2. Description of Related Art
Echo cancellation is an example of signal filtering in which selected, undesired components of a signal are removed. In echo cancellation, echo is removed from an acoustic, echo-contaminated signal in order to improve signal quality. Generally, echo cancellers resolve an estimate of the echo in an echo-contaminated signal and then subtract that estimate from the signal. A known way to make this estimate is with a signal filtering algorithm.
Echo cancellation is an example of adaptive signal filtering and echo cancellers are adaptive filters. Adaptive filters apply algorithms with adjustable coefficients that change in response to changing signal conditions. Adaptive filters, as their name implies, are capable of learning which components of a signal are unwanted, during normal operation and without training. This ability to change offers autonomous adaptability (i.e., the ability to automatically adjust to an unknown environment), which tends to yield more accurate estimates of an echo in applications in which a necessary frequency response may not be known beforehand or may vary with time. Examples of such applications include telecommunications, control systems, and radar systems.

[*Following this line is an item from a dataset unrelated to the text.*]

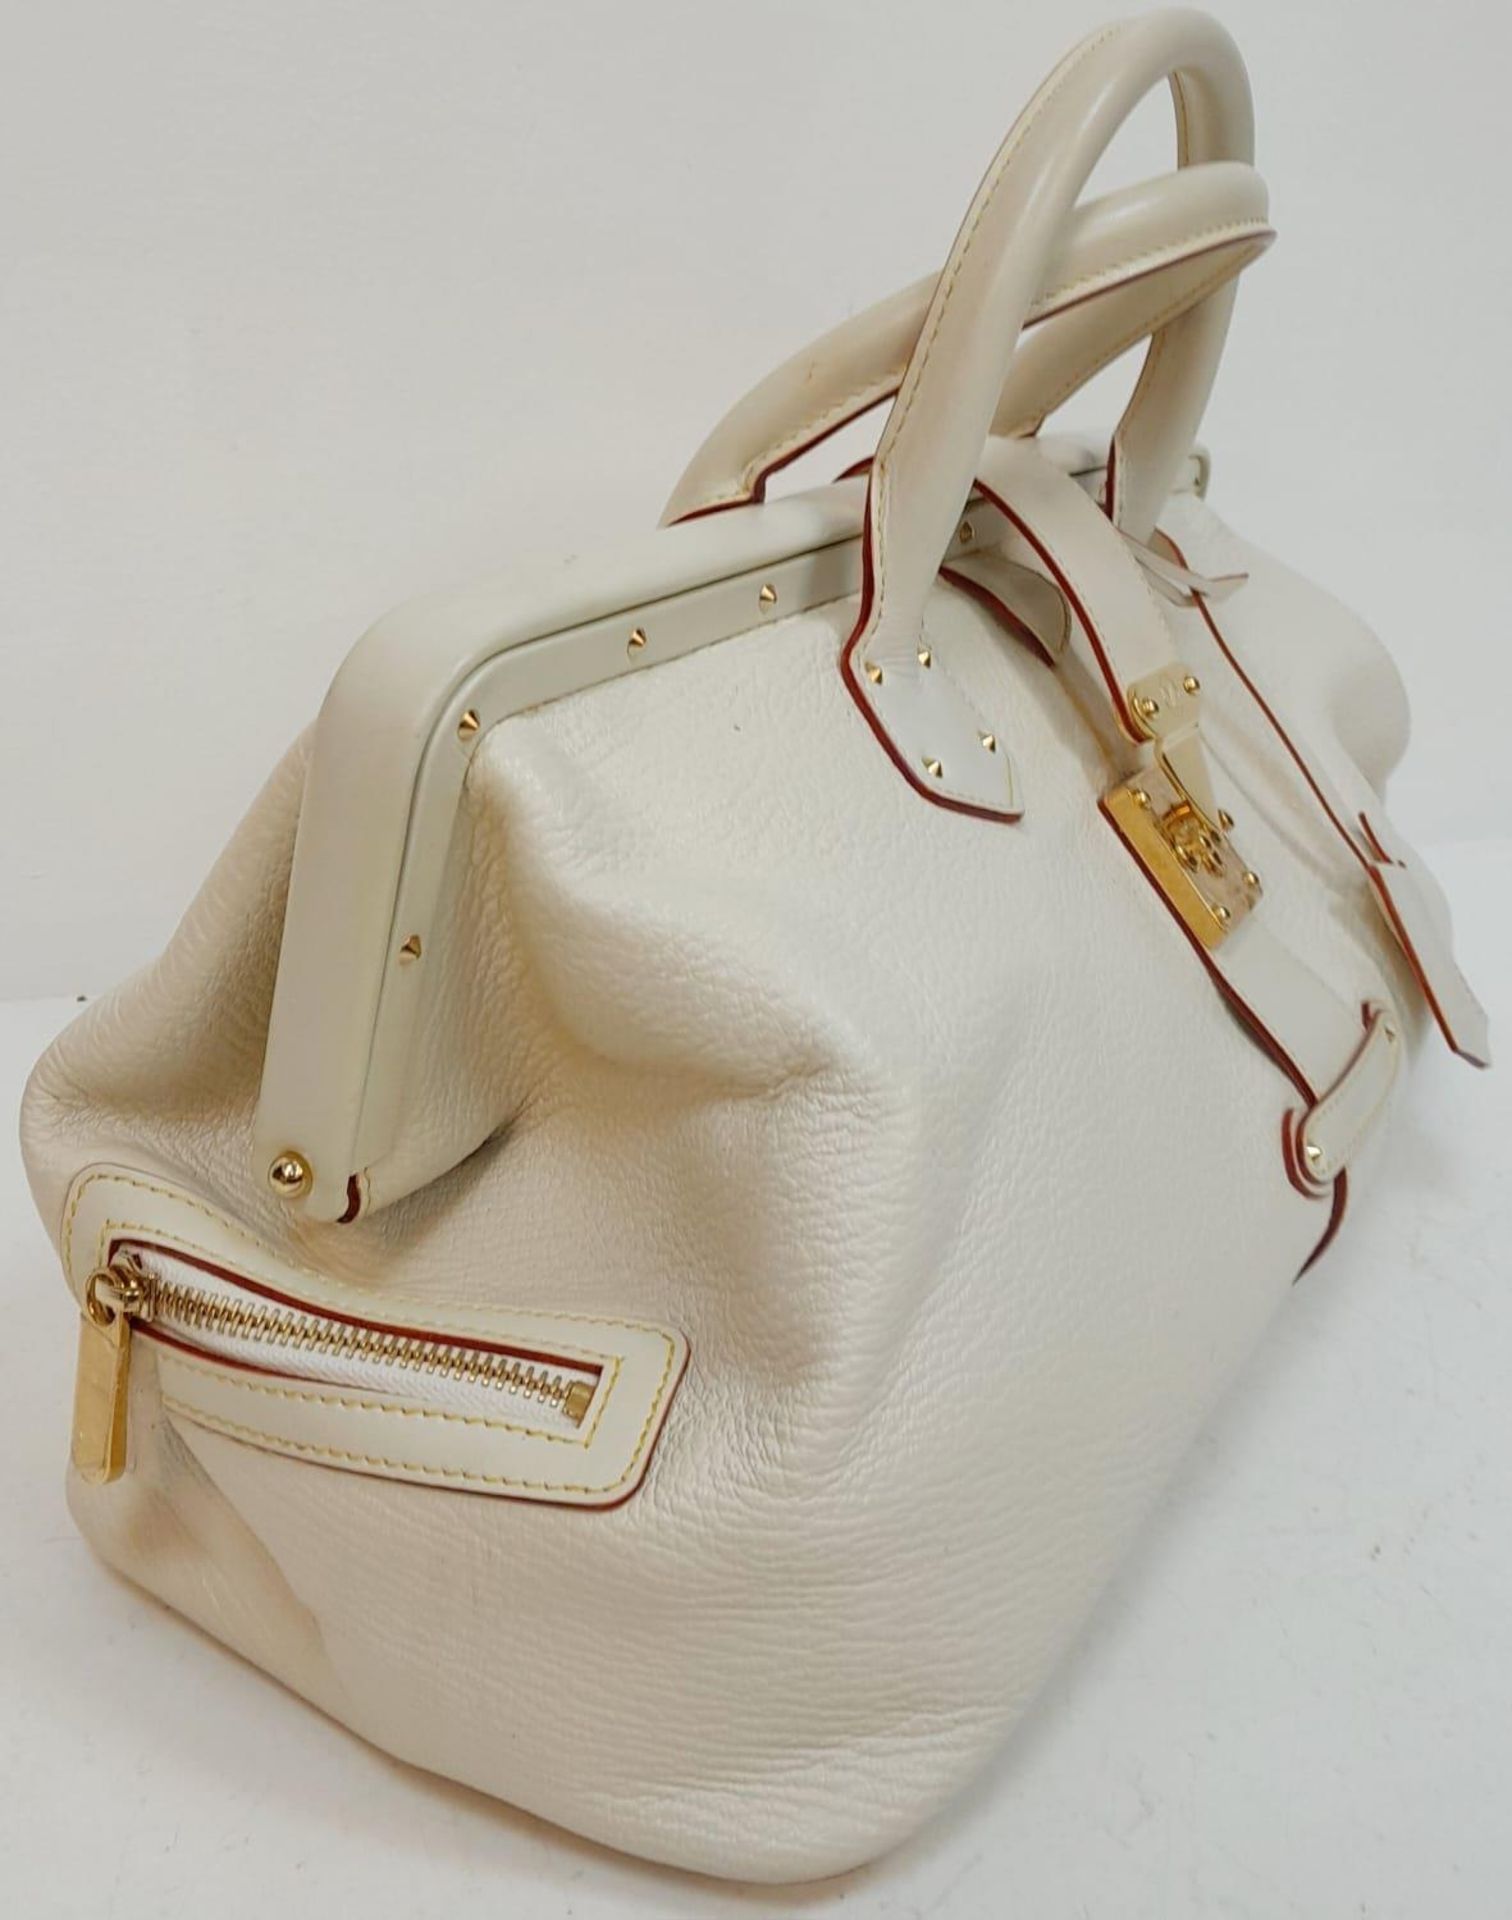 A Louis Vuitton Manhattan PM Suhali Leather Handbag. Soft white textured leather exterior with - Image 7 of 9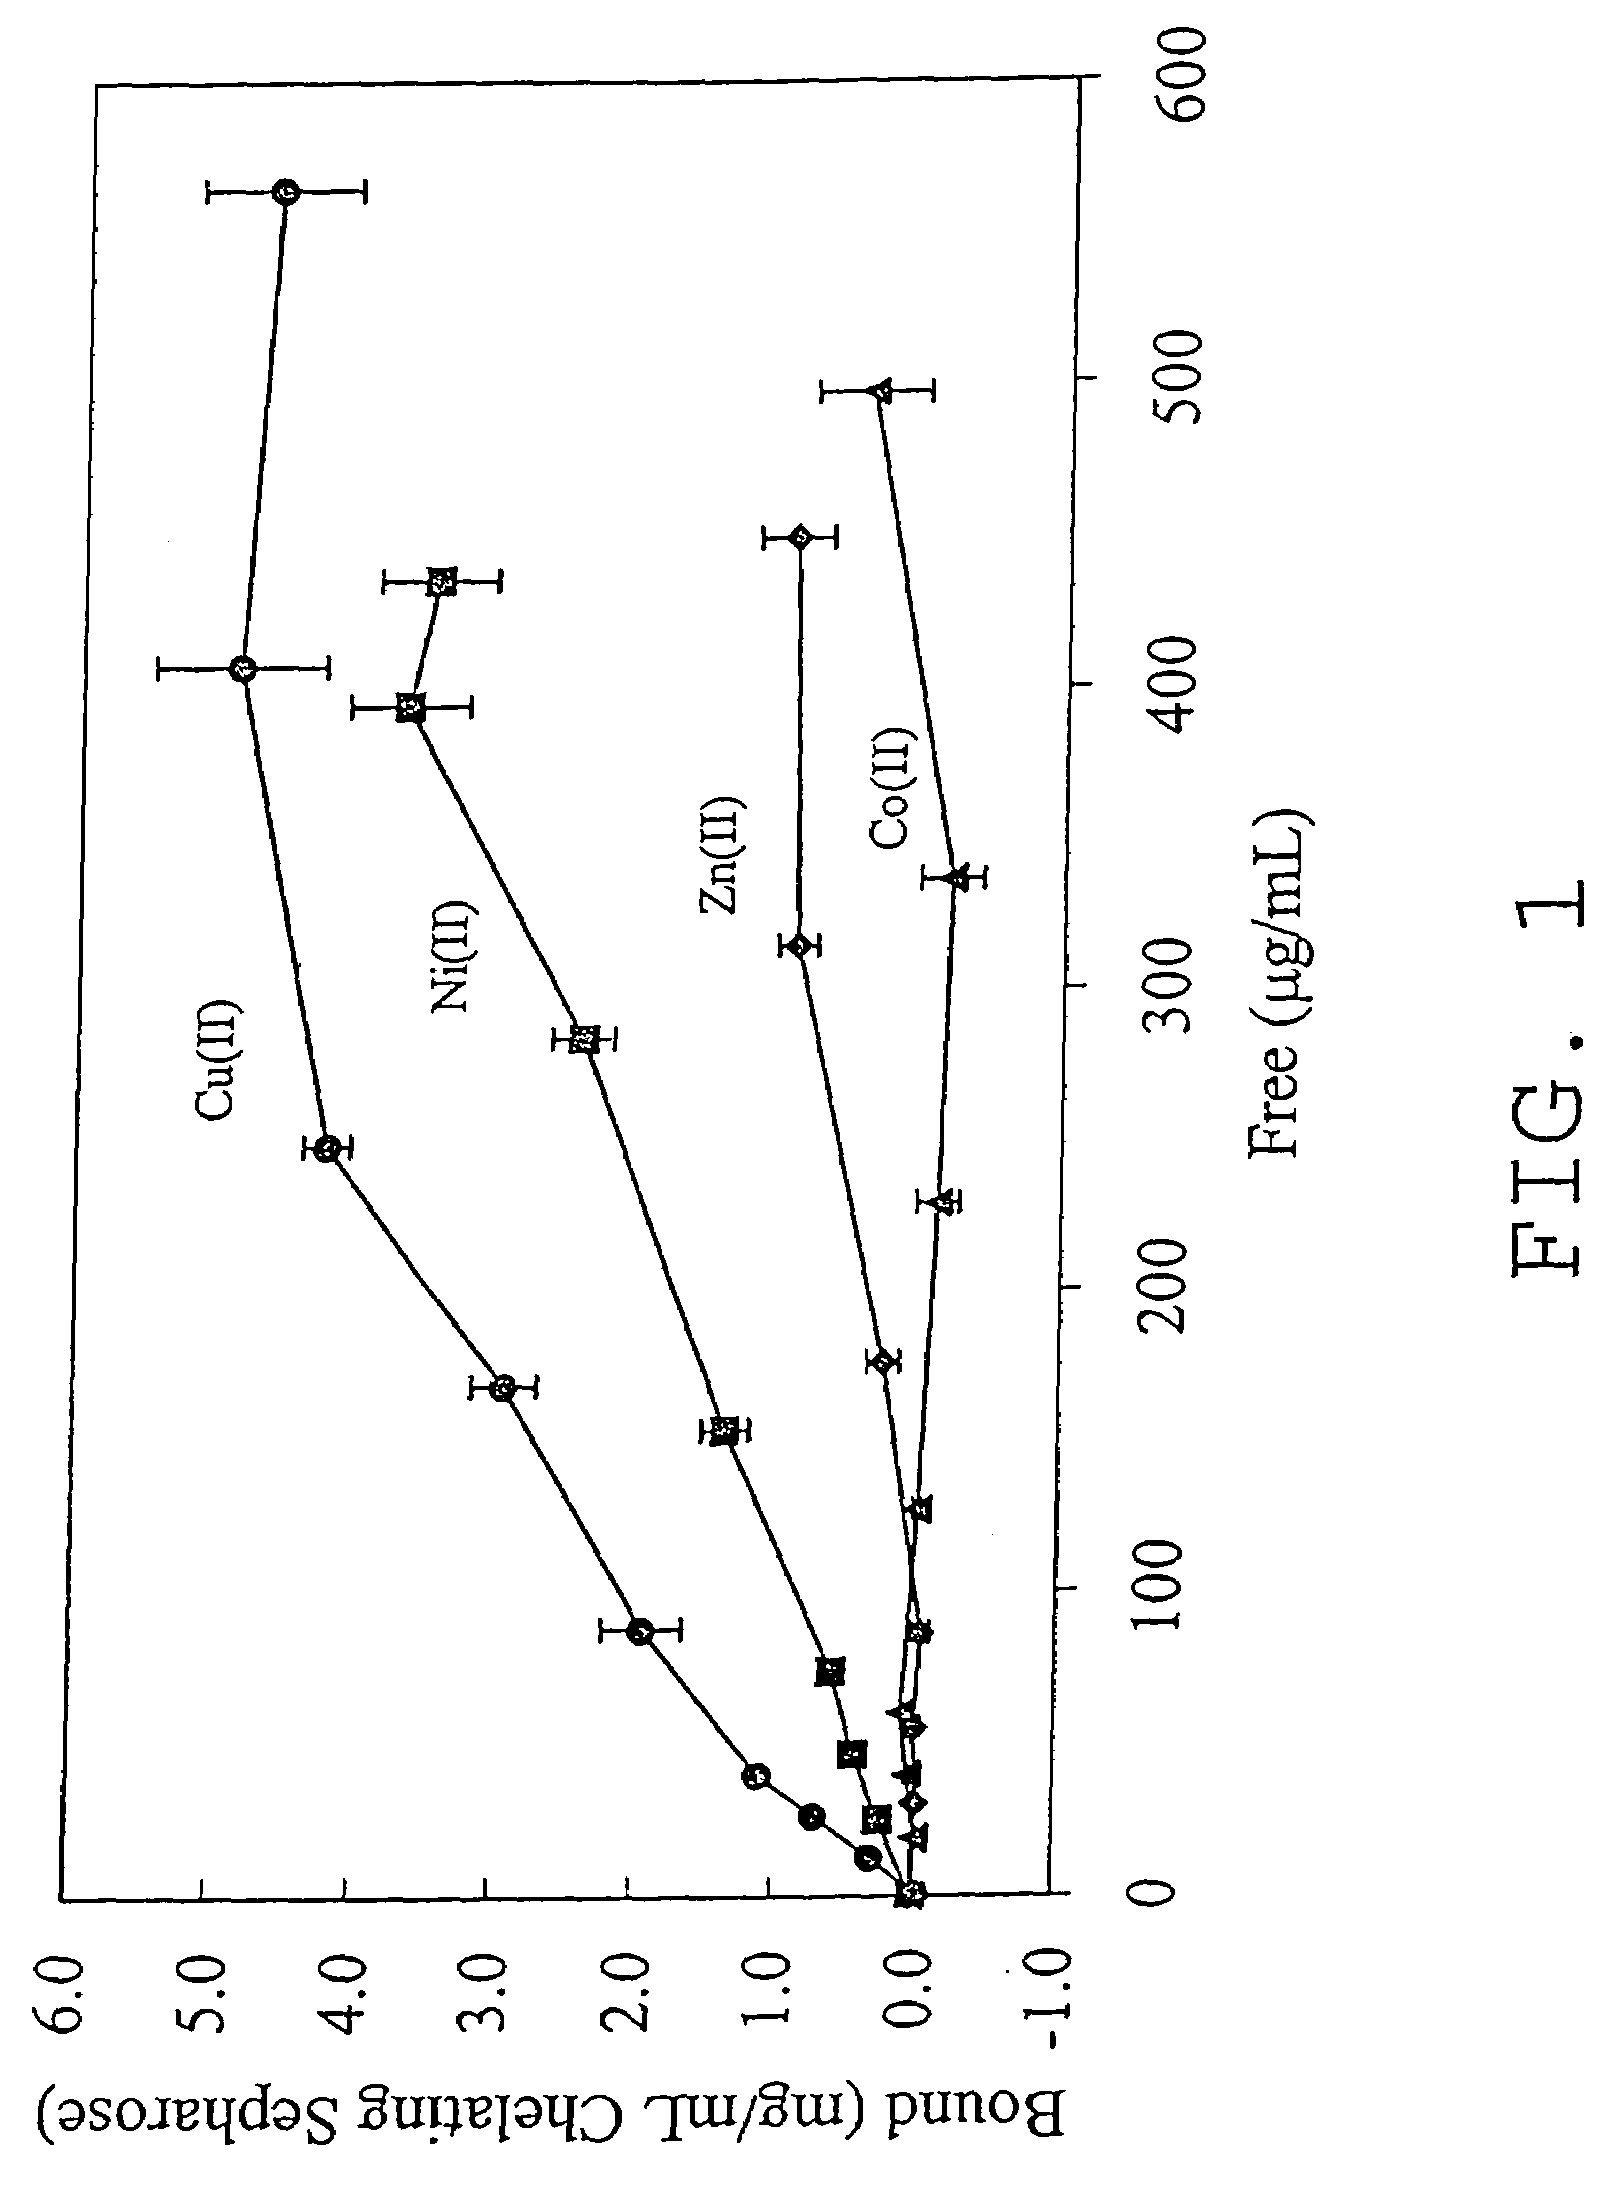 Nucleic acid separation using immobilized metal affinity chromatography

There are known challenges in acoustic echo cancellation, most of which may be categorized as relating to the time variability of signals and the echo signal path. In many applications, the reference and local echo-contaminated signals have natural variations, and a speaker on either side of a conversation, for example, may start and stop talking at any time. These factors cause the statistical properties of the reference and local signals to change quickly and to have a high dynamic range. This is why assumptions that the involved signals are stationary or even slowly changing lead to inferior performance.
In addition, sampling rates can pose a challenge. For example, it is known that in order to get reliable frequency or impulse response estimates in the presence of noise, an average of a significant number of modified estimates of the spectral density of a signal (periodograms) is required. And, an insufficient number of estimates in a given interval increases the likelihood that even significant signal variations may not be registered. This results in echo canceller performance that is effectively determined by the average echo-to-noise ratio (ENR) of the echo-contaminated signal, which is usually significantly lower than its peak.
Approaches to resolve these known problems include using unique methods to detect double talk and changes in the acoustic path, or to control the adaptation gain. These approaches have not been entirely successful, however.